# Mark iii hunter sights



## MITCH (Apr 9, 2009)

Has anyone had a problem with their front sight getting loose after only 10 to 20 rounds fired ?
Also, no matter where I move the rear sight, I can't get the POI to center on the target. Several people have tried and it still hits too far left.
Any thoughts ?
Mitch


----------



## TomC (Sep 5, 2006)

I have a MK III Hunter. Love the gun; hate the sights. I replaced the front sight with a black, square post. I replaced the V rear with a VQ Bomar like rear. I loctited both securely in place and haven’t had any problems with them. I also did a few other things like replacing the sear with a VQ sear, replaced the hammer with a VQ MK II hammer and bushing, replaced the trigger with a Marvel trigger and drilled and tapped the mag release and added a 1911 mag release extension. No more mag safety and a long enough mag release that I can reach it without shifting my hand.

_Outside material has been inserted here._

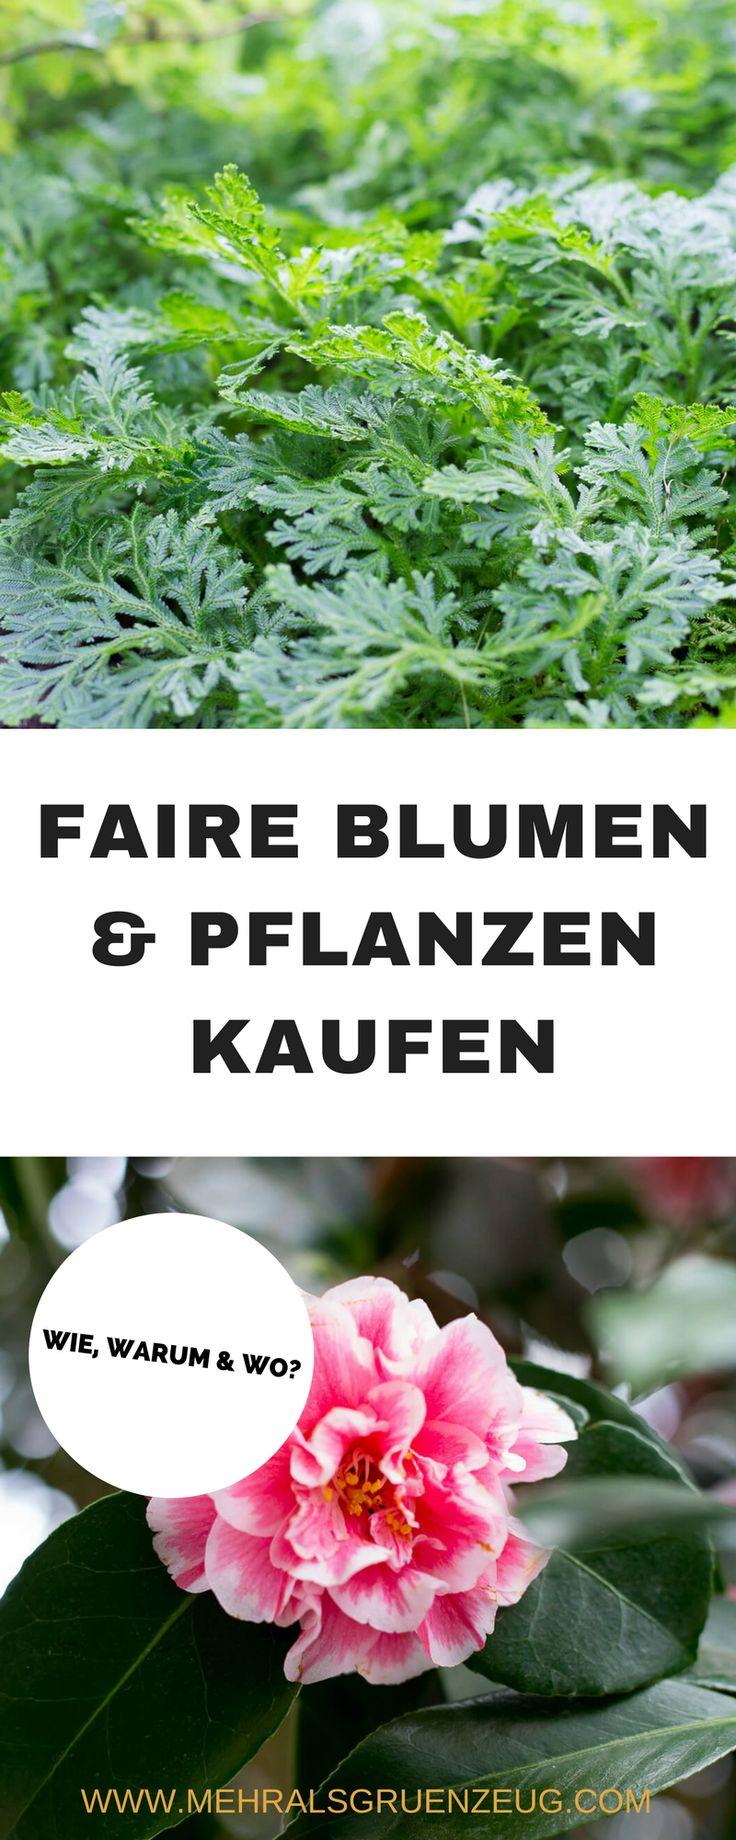 Wie kann ich eigentlich faire Blumen und Pflanzen kaufen? Welche Siegel gibt es - und warum ist es eigentlich so wichtig, fair gehandeltes Grün zu kaufen?

If you like the sights, consider Loctite. I like the red stuff for sights.


----------



## Couch Potato (Jun 3, 2010)

No, mine stays put, and the bullets hit right where I aim. It took a period of adjustment (me, not the sights) but now I love the sights on my Mark III Hunter.


----------



## MITCH (Apr 9, 2009)

*Mark iii hunter*

Thanks to everyone for the replies. I contacted Ruger today and their reply was yeah they come loose. Their suggestion was also to use red locktite. As far as the reason it shoots to the left, I discovered that the rear site is loose in the dovetail slot.
Bottom line: Use lock tite on everything on the Mark III.
Mitch:smt082


----------



## Couch Potato (Jun 3, 2010)

I guess it is something I can look forward to experiencing. :anim_lol:


----------